Date: Nov 9, 2011 11:58 AM Author: Craig Feinstein Subject: an interesting observation about Natural Proofs Unless it is an axiom that P!=NP, any proof of P!=NP has to be

essentially be of the form:

f solves SAT -> f in C

f in C -> f cannot be computed in polynomial time.

Therefore, f solves SAT -> f cannot be computed in polynomial time.

The Razborov-Rudich paper on "Natural Proofs" essentially shows that

if (1) C is a property that is common (Largeness) and (2) it is easy

to check whether a function f has property C (Constructivity or Low

Complexity), then the above proof cannot be valid unless "pigs can

fly".

Suppose C is an uncommon property, so (1) is broken. In the most

extreme case, C=the class of functions which solve SAT. Then the above

proof would be of the form:

f solves SAT -> f solves SAT

f solves SAT -> f cannot be computed in polynomial time.

Therefore, f solves SAT -> f cannot be computed in polynomial time.

So this proof would be of the form "P!=NP because P!=NP".

Now, suppose it is difficult to check whether a function f has

property C, so (2) is broken. In the most extreme case, C = the class

of functions f that cannot be computed in polynomial-time. Then the

above proof would be of the form:

f solves SAT -> f cannot be computed in polynomial time

f cannot be computed in polynomial time -> f cannot be computed in

polynomial time.

Therefore, f solves SAT -> f cannot be computed in polynomial time.

So this proof would be of the form "P!=NP because P!=NP".

So we see that breaking one of the two conditions for a natural proof,

largeness or constructivity, leads one in the direction of a proof of

the flavor "P!=NP because P!=NP". And the two conditions, largeness

and constructivity, are "natural" because they lead a proof away from

a proof of the flavor "P!=NP because P!=NP". From this observation, we

can conclude that a proof that P!=NP cannot involve deep mathematics,

since deep mathematics is "natural", at least "natural" to

mathematicians.
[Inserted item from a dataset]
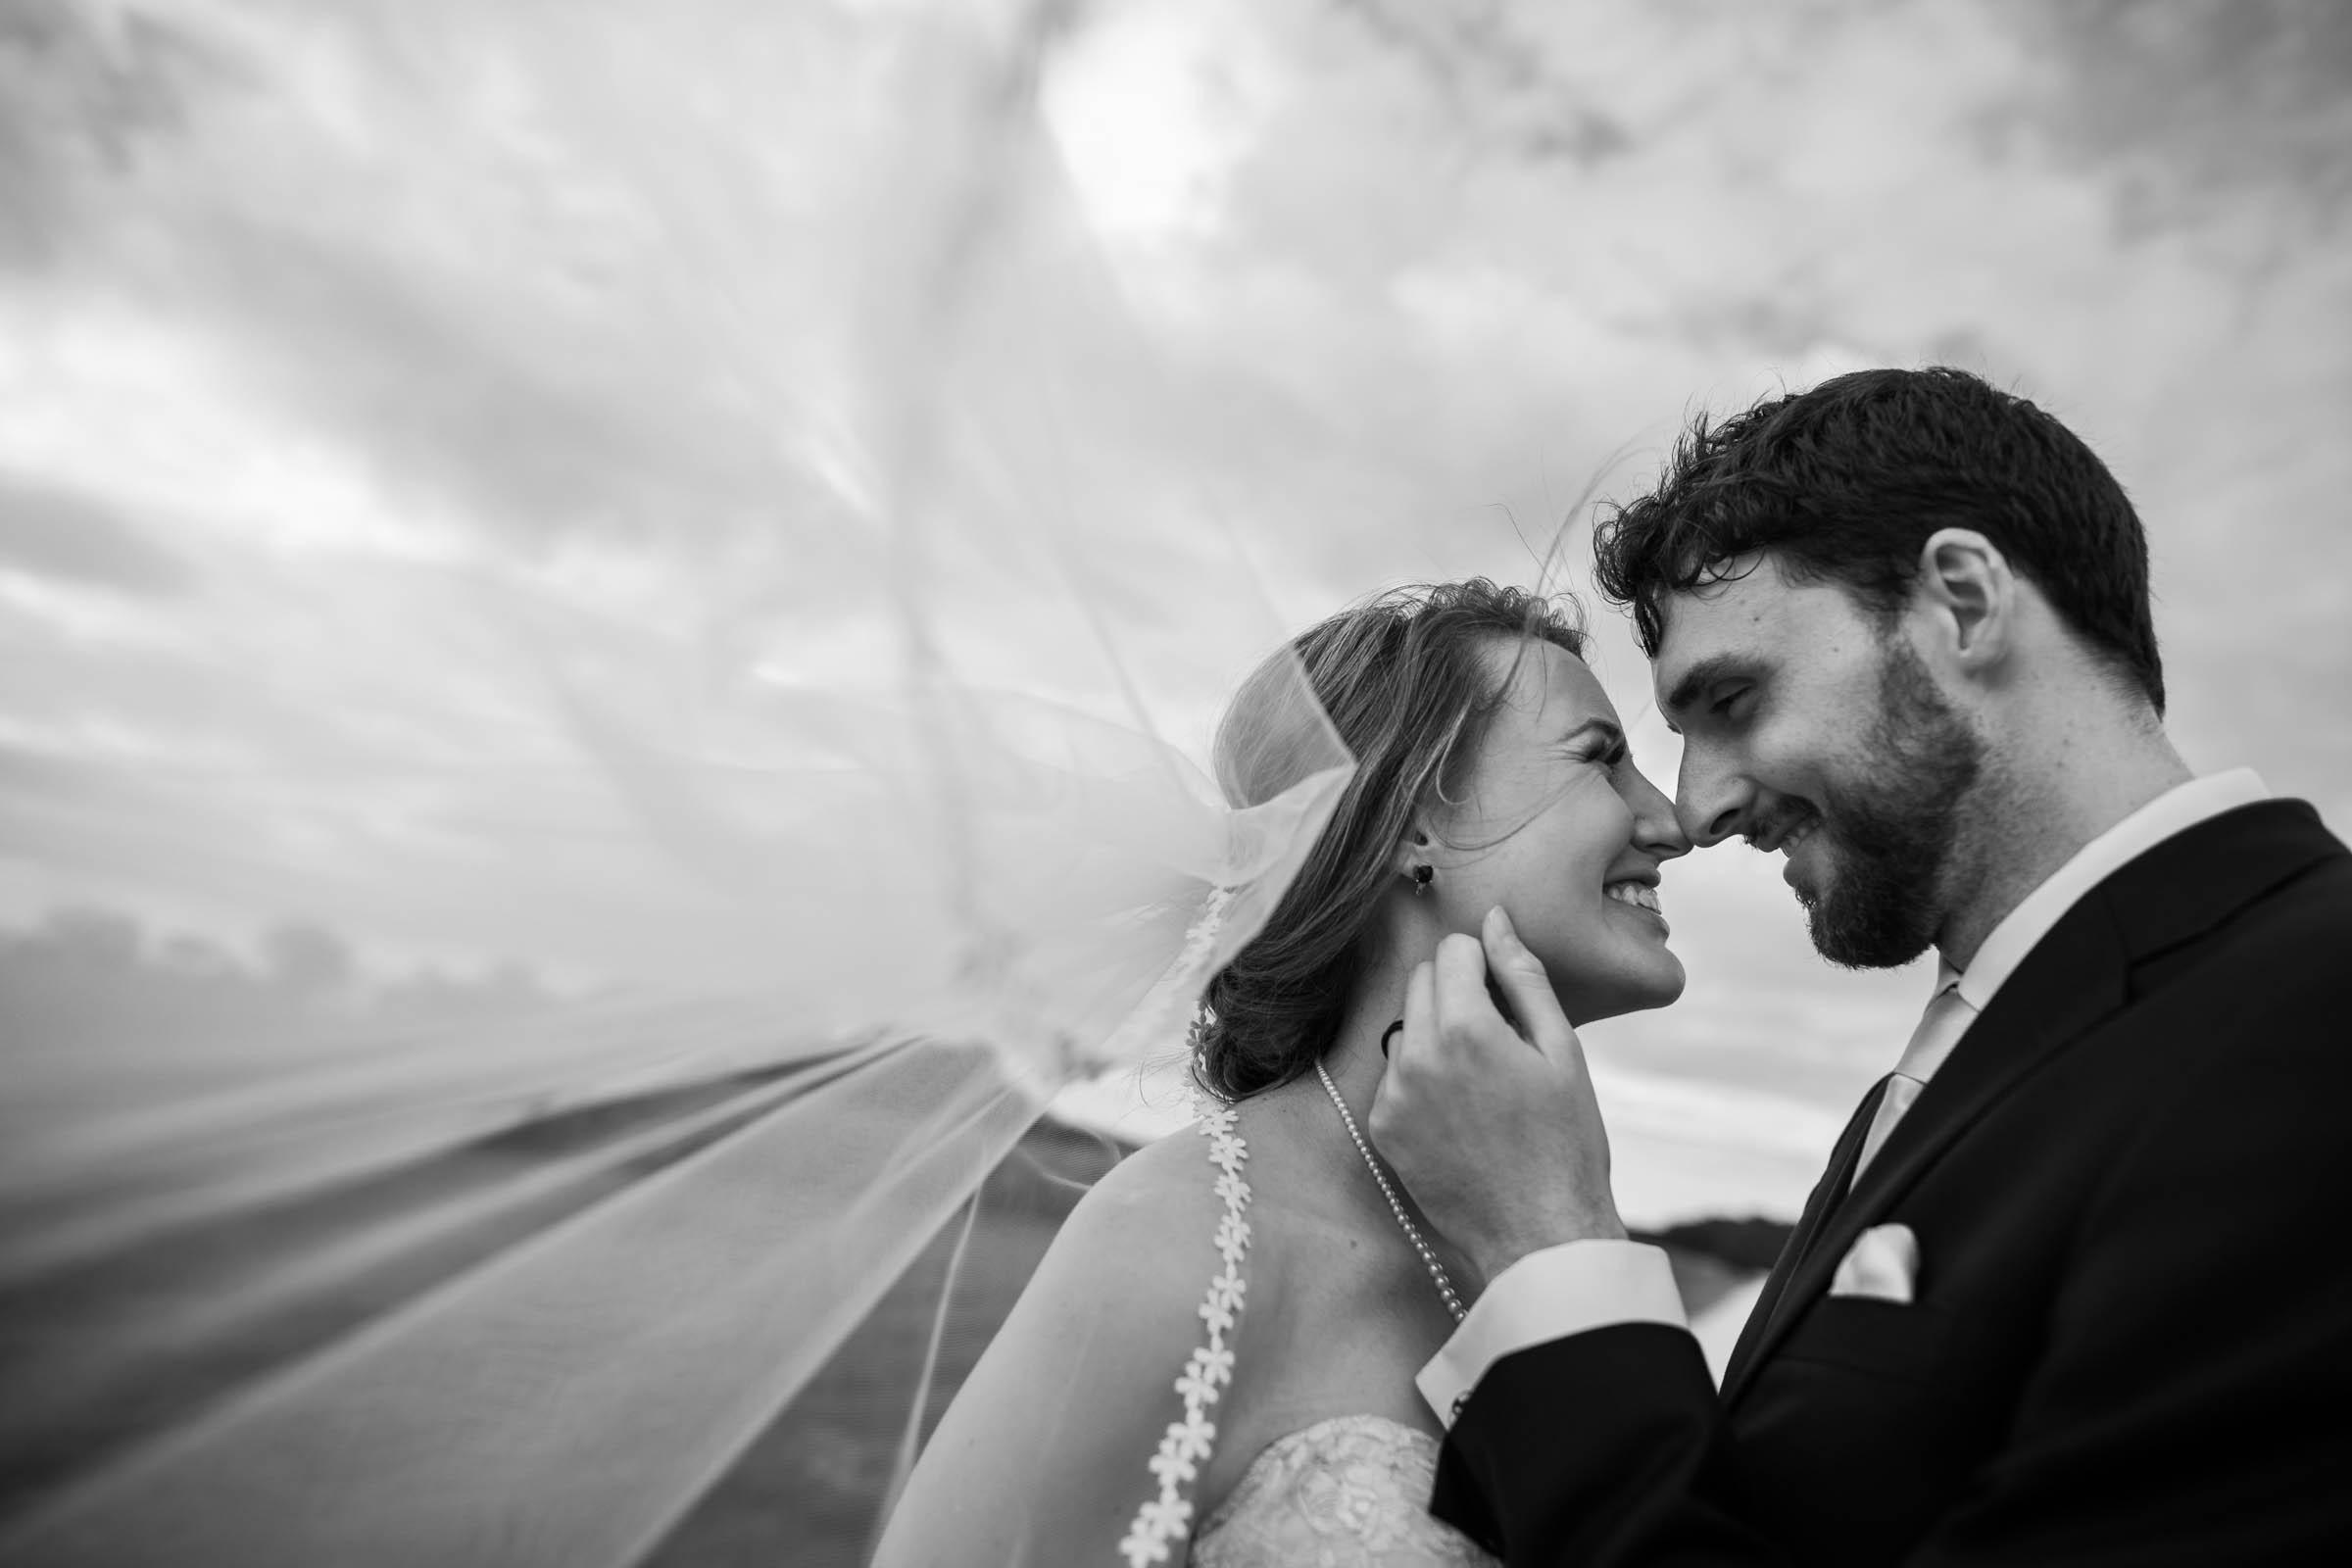 Best Wedding Photographers in Baltimore Maryland Megapixels Media PHOTOGRAPHY (23 of 25).jpg

For example, here is one such proof:

SUBSET-SUM (where the target integer is zero) is equivalent to the

problem of determining whether the set of subset-sums of {s1,...,sk}

and the set of subset-sums of {-s_{k+1},...,-s_n} intersect

nontrivially. There are 2^k members of the set of subset-sums of

{s1,...,sk} and 2^{n-k} members of the set of subset-sums of {-s_{k

+1},...,-s_n}, and it is impossible to simplify the problem further.

Hence, since the combined size of the sets that the SUBSET-SUM problem

is about is 2^k+2^{n-k}, for k in {1,...,n}, we can get a lower bound

for the worst-case running-time of an algorithm that solves SUBSET-SUM

by minimizing 2^k+2^{n-k}, s.t. k in {1,...,n}. We get 2^{n/2}, so

Omega(2^{n/2}) is an exponential lower bound for algorithms which

solve SUBSET-SUM.

This is an example of a "supernatural proof". It is not natural,

because in this case, C=the set of functions that cannot be computed

in o(2^{n/2}) time, so it violates the constructivity property above.

And it also does not involve deep mathematics. This supernatural proof

is almost of the form "P!=NP because P!=NP", but not quite or else it

would be a circular argument.

I believe that the reason why the P vs NP problem has been considered

so difficult is because of human psychology. Most people either want

there to be some deep reason why P!=NP (some almost magic secret using

some deep mathematics like the proof of FLT had) or they refuse to

believe that P!=NP. They don't want to accept that there is no deep

reason why P!=NP. It essentially just is.